Fritz asked if there was any way to strengthen protections in the current agreement with the FBI, while Fish pressed for an answer on the question of whether Portland really is any less safe under the status quo.

But in a raft of testimony about the Portland Police Bureau's long history of spying on peace groups, as well as the FBI's own litany of misdeeds, many of them summed up in a 2010 report by the Department of Justice's inspector general, it was German's testimony that stuck out.

"On their face, the FBI's polices are in violation of the Oregon statute," he said. "More important would be to study what the FBI's actual practices are... The way the guidelines are actually interpreted by the FBI in practice is actually worse than the base of what the guidelines require."

Update 12:47 PM: Holton brought an equally impressive panel, including two Justice Department officials from Washington who haven't previously been part of the conversation, to address concerns raised by the ACLU. Their names underscore just how much of a win the feds want on this issue. One panelist was Valerie Caproni, the bureau's legal counsel, who answers directly to its director, and the other is an assistant attorney general, Todd Hinney.
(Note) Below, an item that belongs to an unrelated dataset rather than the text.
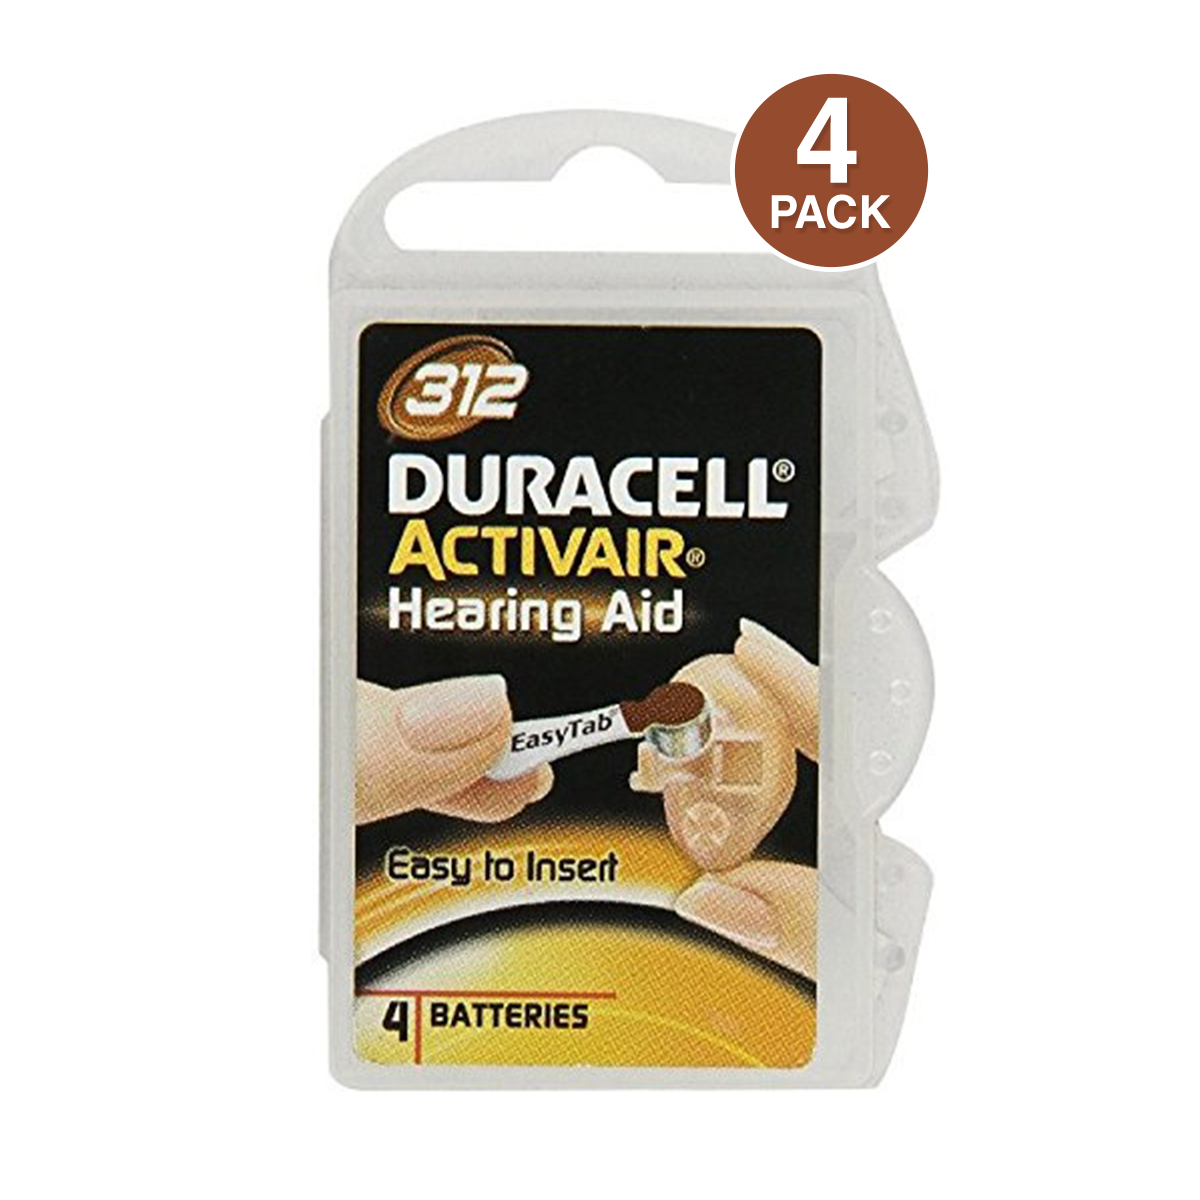 Duracell Activair 312 Hearing Aid Battery (4 PCS)

Caproni spoke at length about how the FBI conducts investigations and sought to rebut the ACLU's claims—offered in a raft of files showing confirmed cases of illegal spying stretching from the 1970s into the 21st century—that changes to agency guidelines in 2008 have made it easier for the government to violate civil rights and the First Amendment.

She argued that the changes were meant to streamline rules across the agency and that while they expand the range of permitted investigations, part of a bid to make sure the agency is more "intelligence driven," those probes must still not be based solely on First Amendment-protected actions.

"It doesn't mean were going back to the bad old days of J. Edgar Hoover," she said.

Answering whether the city could negotiate "secret" clearance for Adams, Holton noted that out of 56 JTTFs and hundreds of elected officials serving in those jurisdictions since September 11, only eight mayors have had security clearance. "And two of them are named Tom Potter and Vera Katz. This is an exceptional thing."